Task statement: Copy the listing exactly, leaving out every picture.

The data:
● ● ●
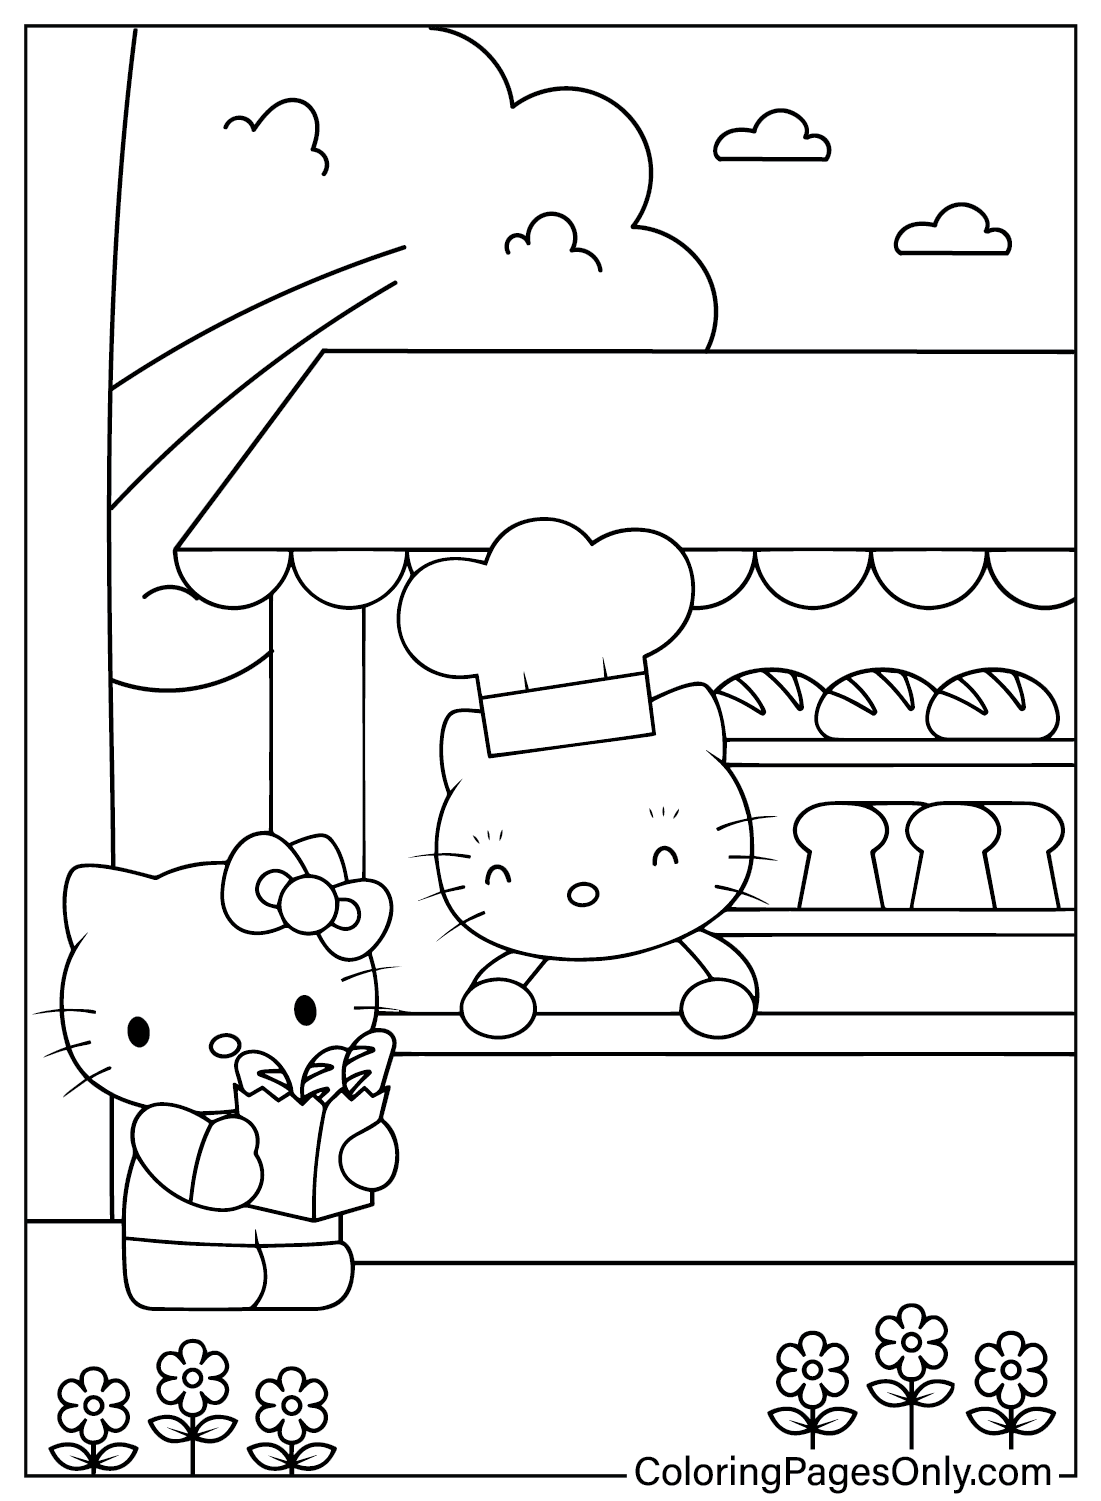 Página para colorir da Hello Kitty grátis
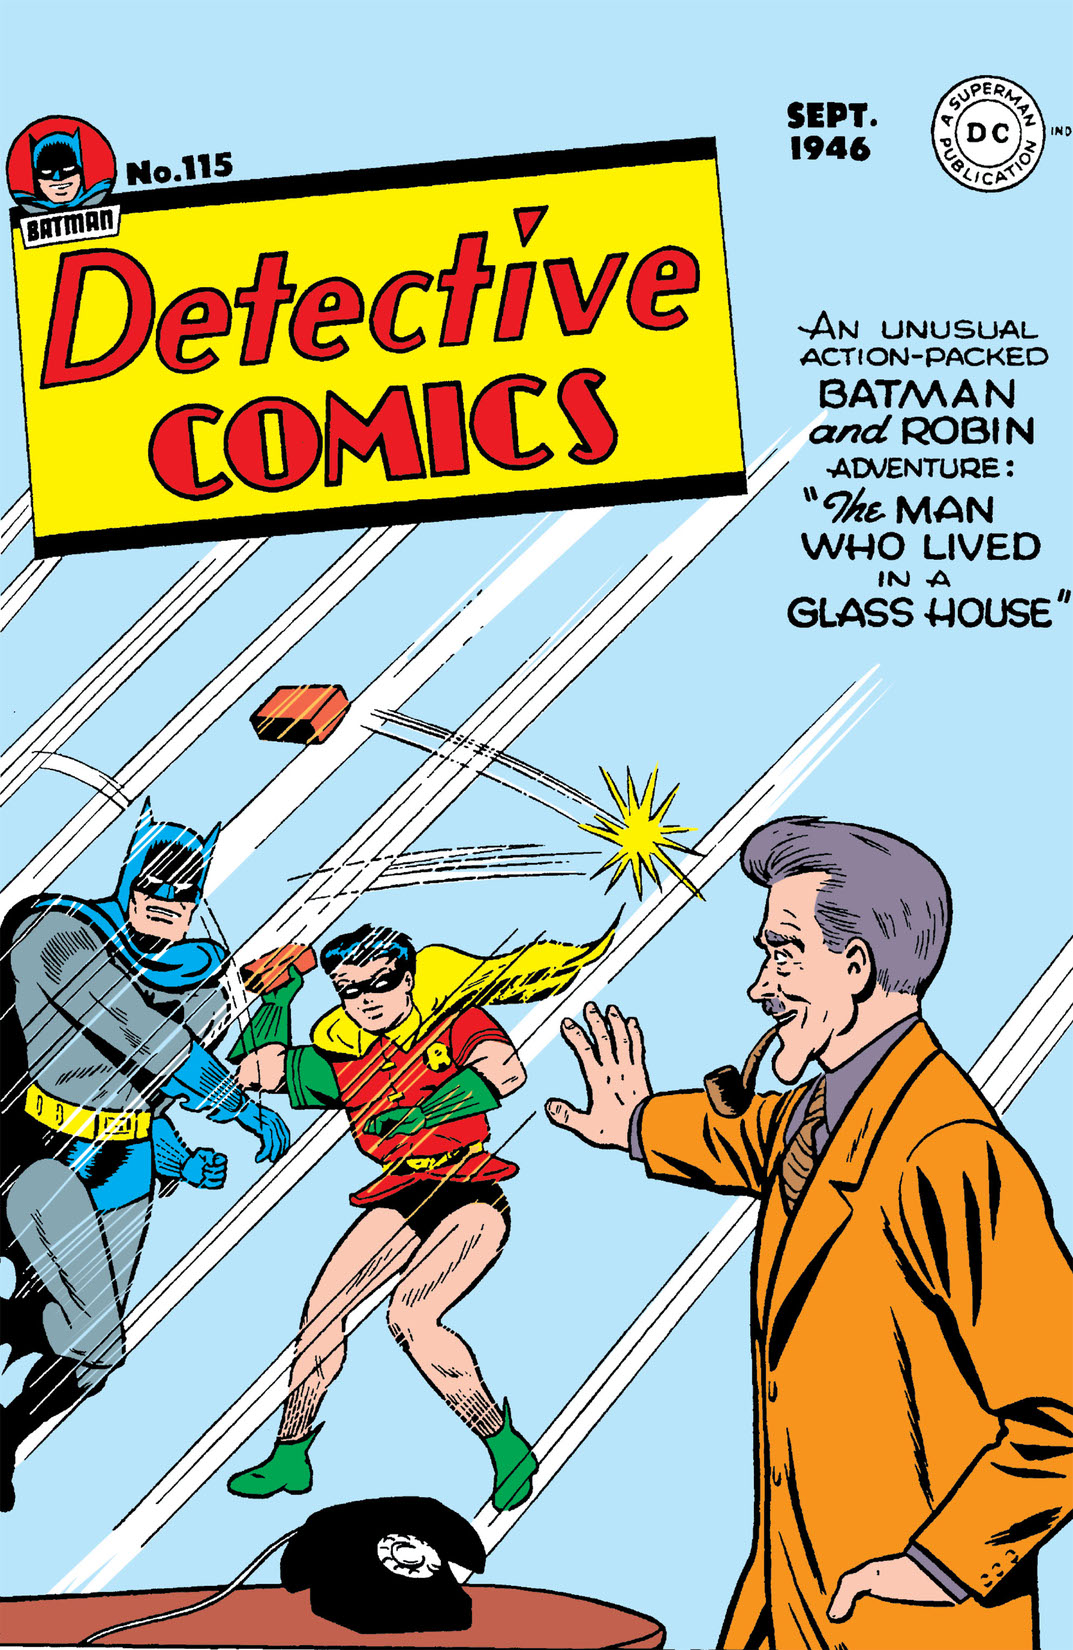 Detective Comics (1937-) #115 preview images
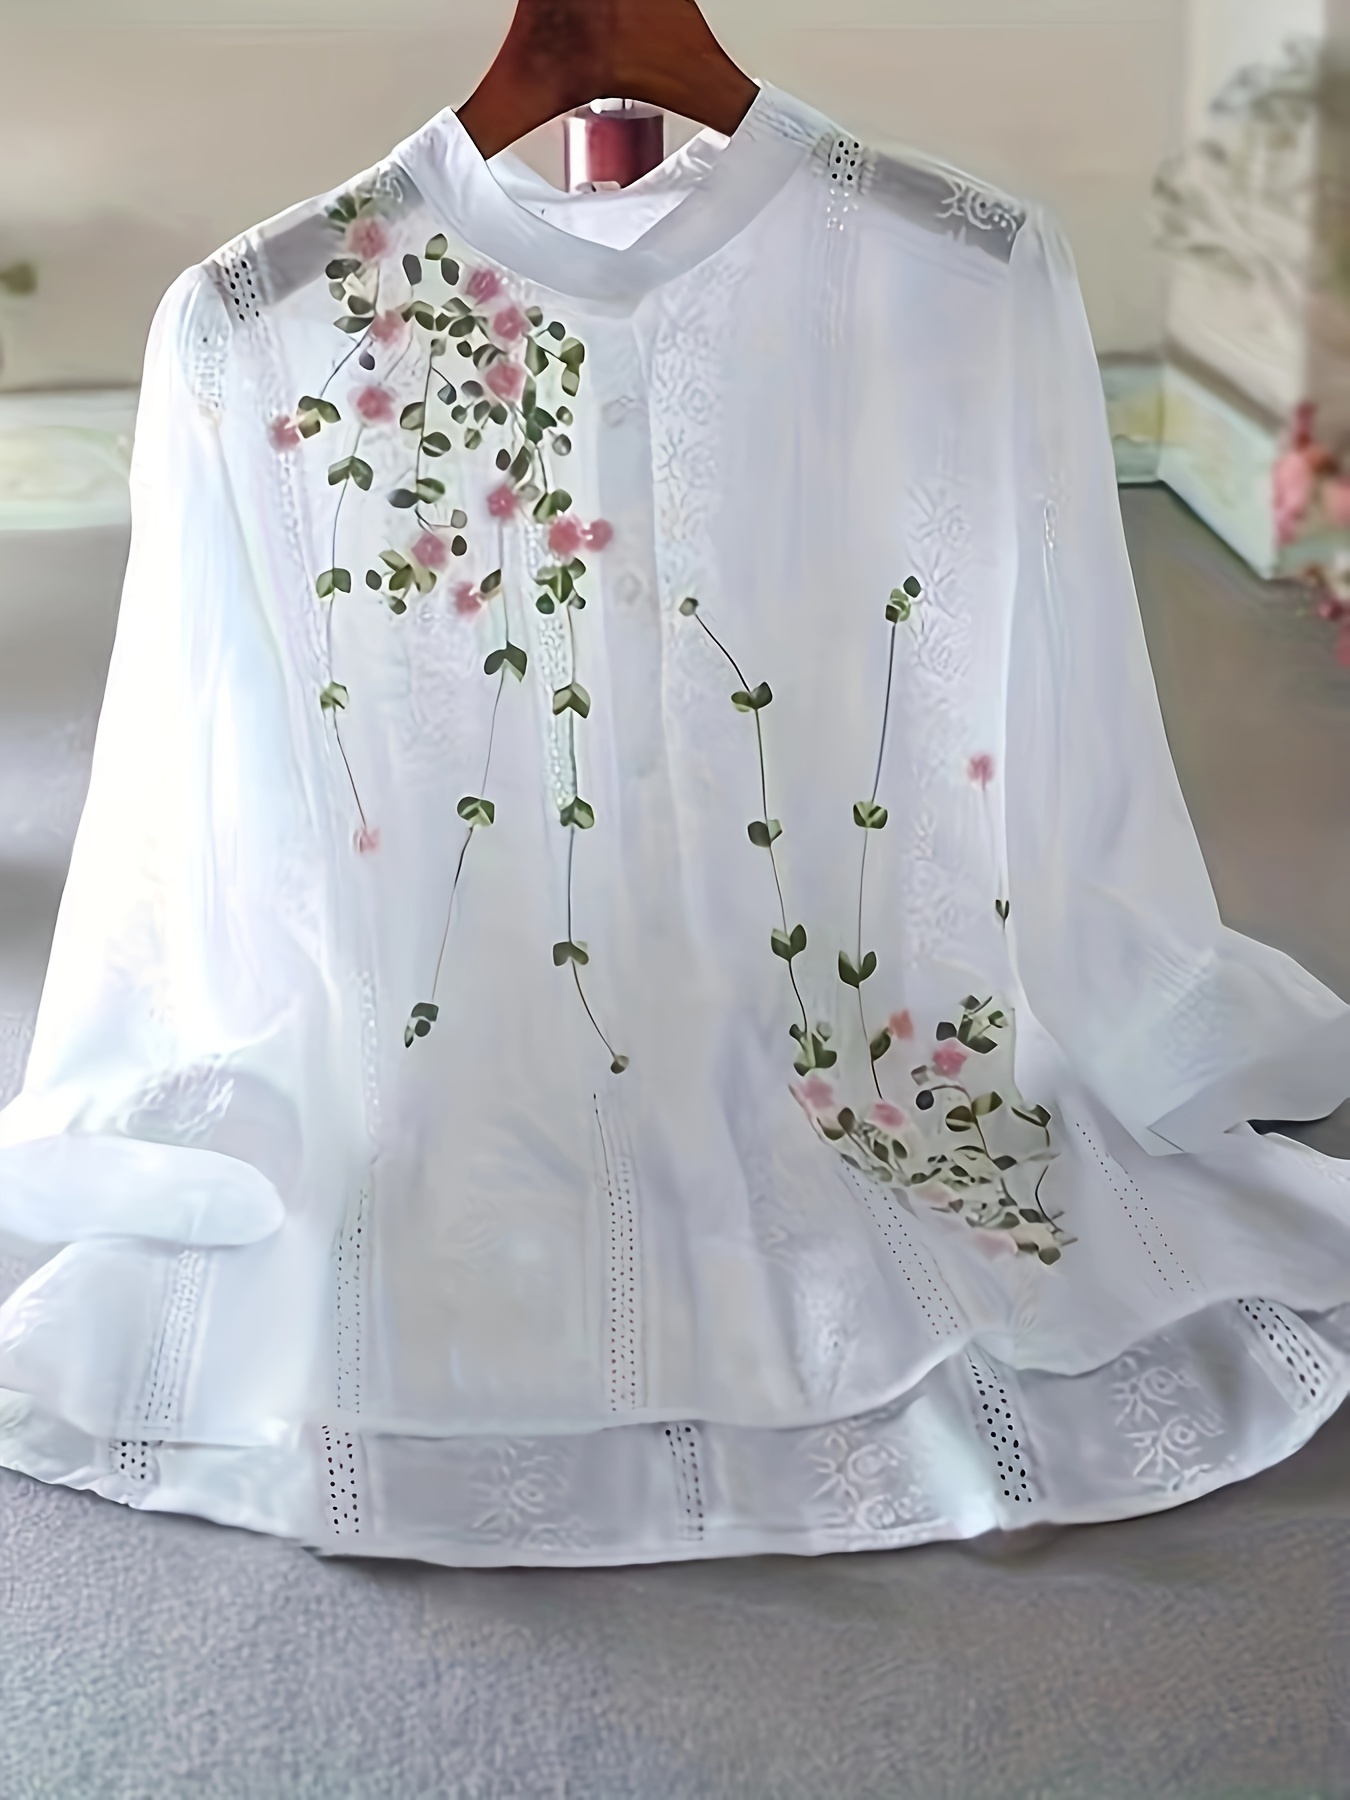 eyelet floral blouse elegant button front blouse for spring summer womens clothing details 6
● ● ●
Response area:
 Página para colorir da Hello Kitty grátis
 Detective Comics (1937-) #115 preview images
 eyelet floral blouse elegant button front blouse for spring summer womens clothing details 6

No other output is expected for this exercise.